Tigers Jaw is an American rock band from Scranton, Pennsylvania, formed in 2005. Their first album, Belongs to the Dead, was released in 2006. They released a 7-inch single, "Spirit Desire", in 2009, on Tiny Engines. They released two more albums before announcing a hiatus in March 2013; however, their record label Run for Cover Records announced in August 2013 that the band's breakup was not official. Their fourth album, Charmer, came out in June 2014, and their fifth, Spin, in 2017.

History

Early years and Tigers Jaw (2006–2012)
The band's name is a reference to a song by lo-fi band The Microphones. They also have a number of songs whose titles reference songs by the band. Members Ben Walsh and Adam McIlwee started the group during high school, with Brianna Collins joining after the first couple of months. They have cited Fall Out Boy and My Chemical Romance as early musical influences.

AbsolutePunk gave their self-titled album a generally positive review, noting that "Tigers Jaw is fueled by emotionally-driven lyrics brought to life by vocalist Adam McIlwee, whose voice is one of those that reveal passion while at the same time giving the impression that he's barely trying. Aforementioned opener "The Sun" is one of the better tracks on the album, offering up a well-organized mix of Tigers Jaw's two personas."

Another punk music website, Punknews.org, in their critique of the band's eponymous album, felt that the tracks "Plane vs. Tank vs. Submarine" and "Chemicals" were particularly notable for "solid guitar work in the form of weeping, goosebump-inducing solos. Strong vocal harmonies and bouncy guitar work carry both 'I Saw Water' and 'Heat' to heights other bands would have a hard time reaching." In November 2012, the group supported Title Fight on their headlining US tour.

Charmer (2013–2016)
On March 21, 2013, Tigers Jaw made an announcement on their Tumblr: 

Many fans interpreted this announcement to mean that the band was breaking up. However, both Walsh and Collins clarified that they would continue with Tigers Jaw as a two-piece. Members of Basement filled in during their 2013 UK tour, while members of Balance and Composure filled in for the US dates. After the announcement, Brianna did an interview, where she said that "I know Ben and I really want to work on a new record, put something out. It’ll happen."

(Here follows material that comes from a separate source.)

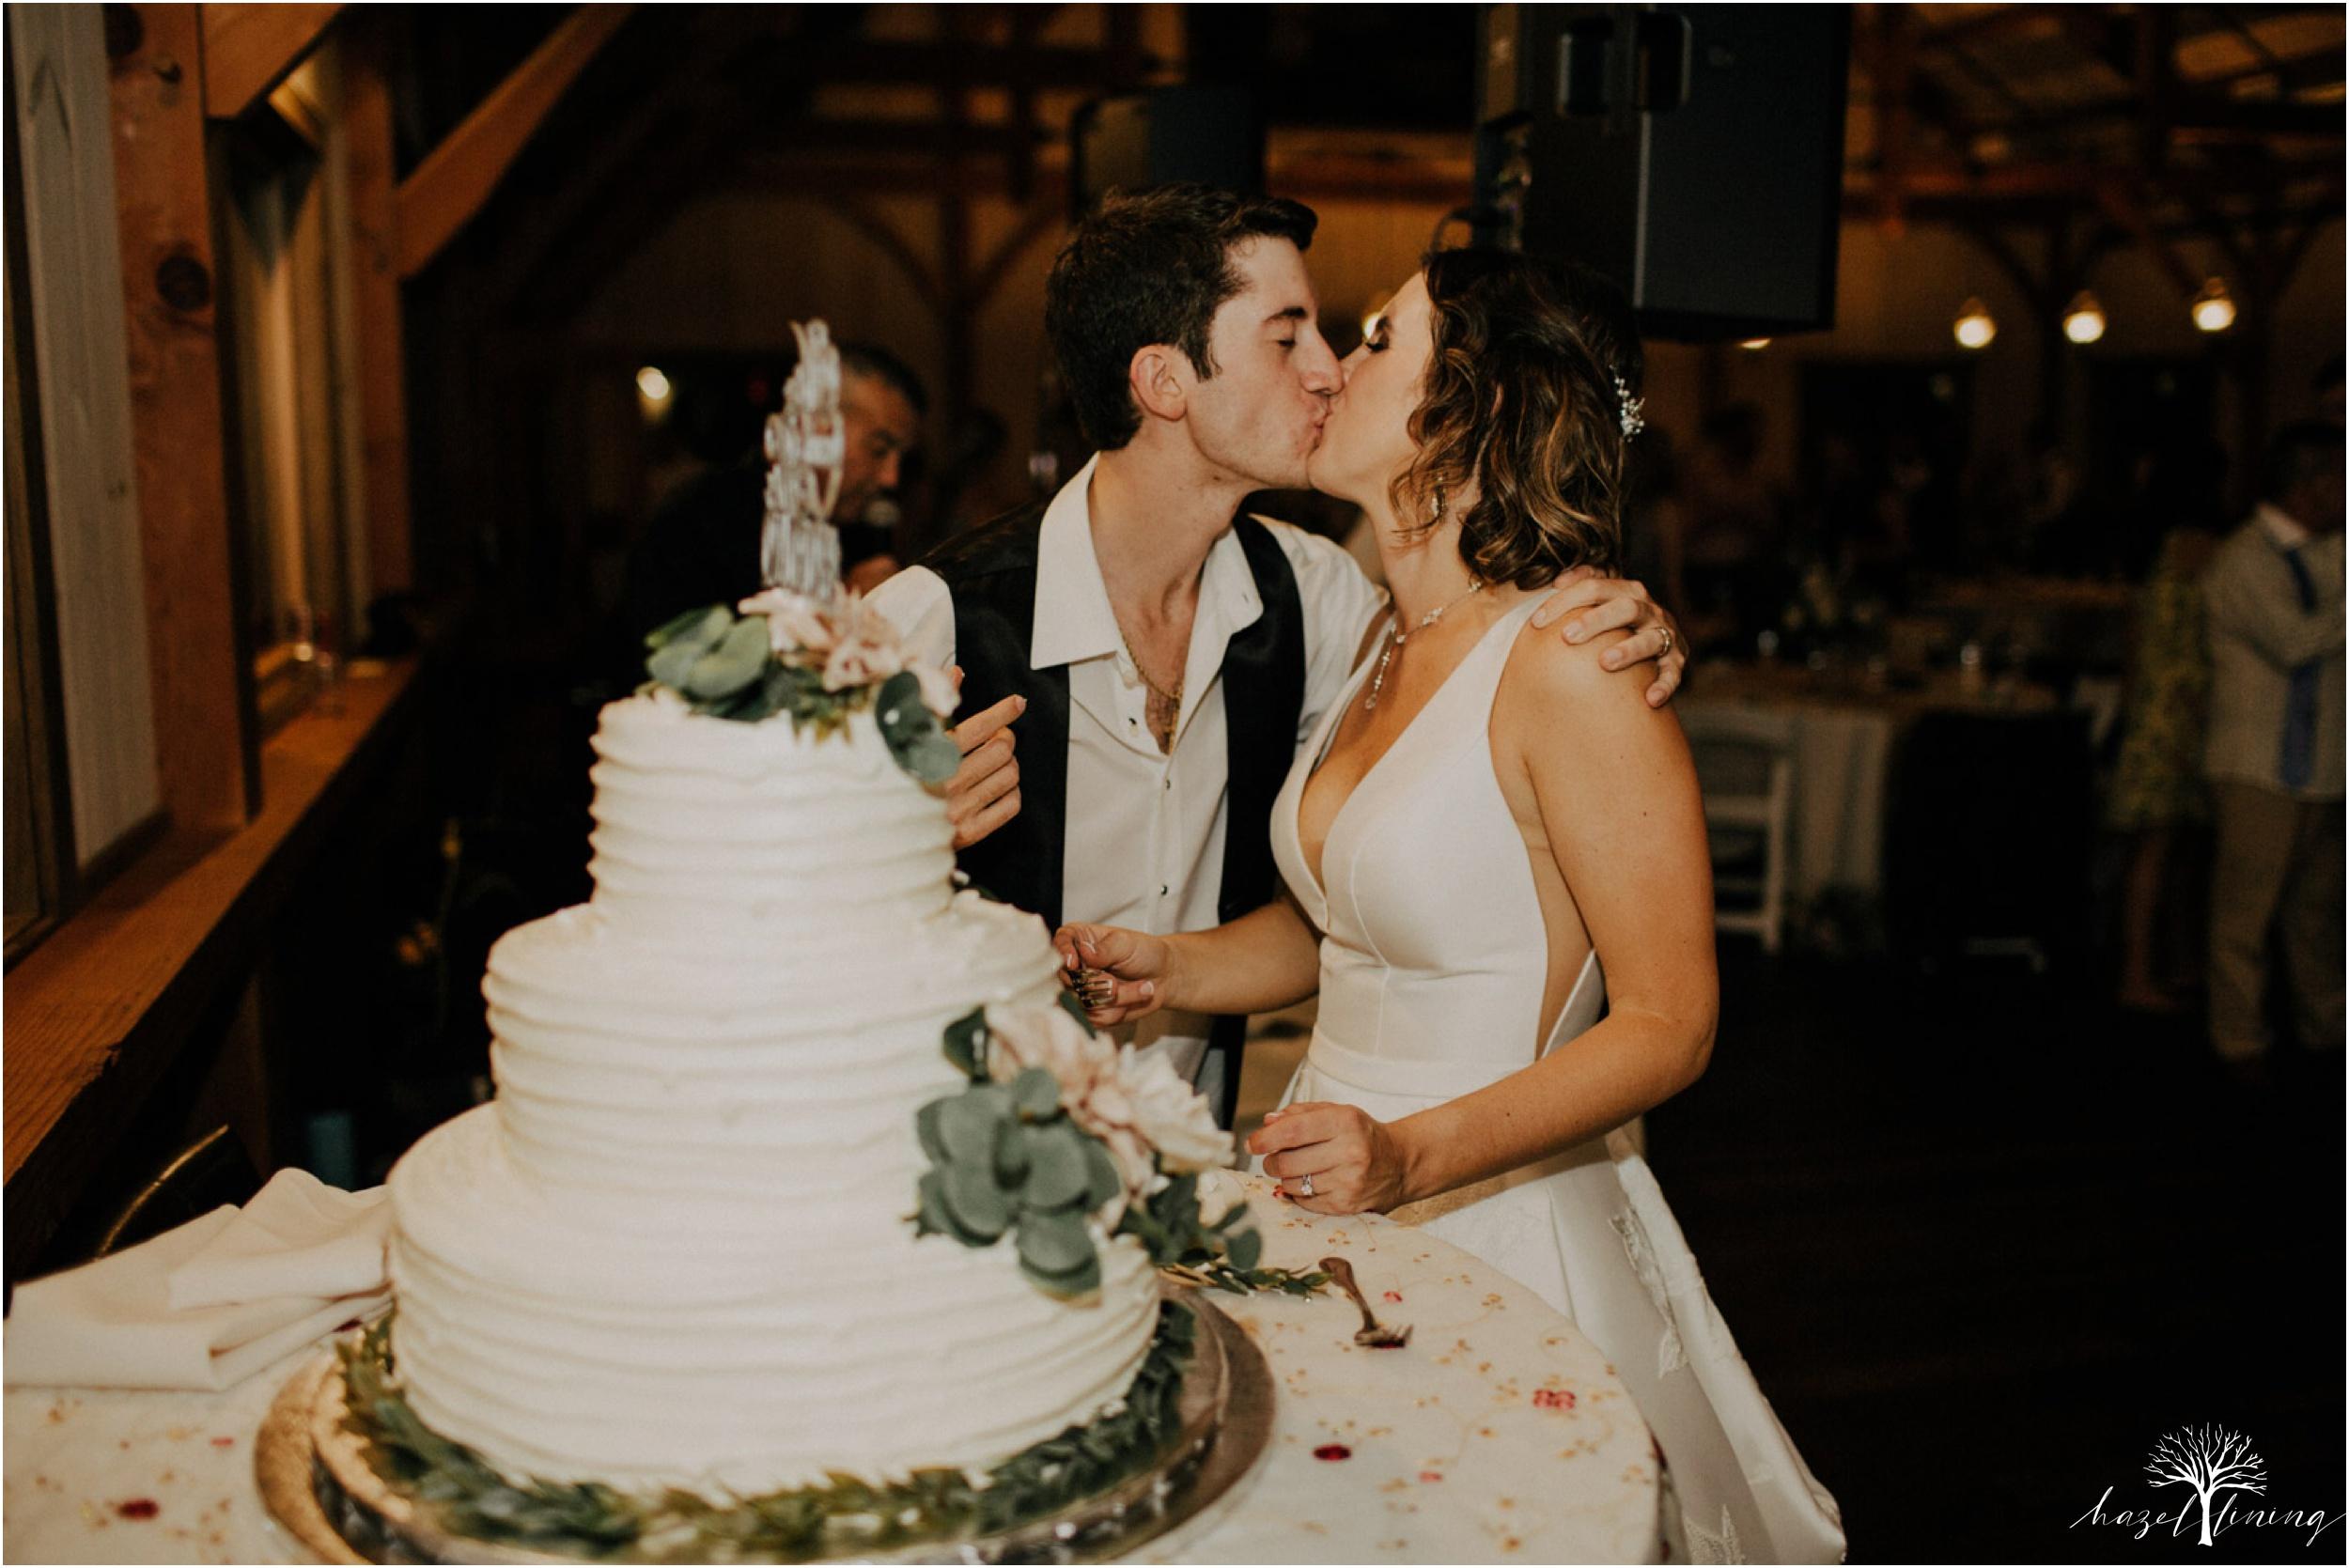 maureen-hepner-anthony-giordano-rose-bank-winery-newtow-pennsylvania-luxury-summer-wedding-hazel-lining-photography-destination-elopement-wedding-engagement-photography_0163.jpg

After leaving Tigers Jaw, Adam McIlwee pursued his experimental solo project Wicca Phase Springs Eternal. Under this name, McIlwee blended emo and goth esthetics with cloud rap and trap, became a key member in musical groups such as THRAXXHOUSE and GothBoiClique, and famously collaborated with the late Lil Peep. 

Tigers Jaw announced their next studio album, Charmer, on March 21, 2014, along with the single "Nervous Kids". Charmer reached No. 49 on the Billboard Charts. They played a U.S. tour with Touché Amoré and Dads in mid-2014.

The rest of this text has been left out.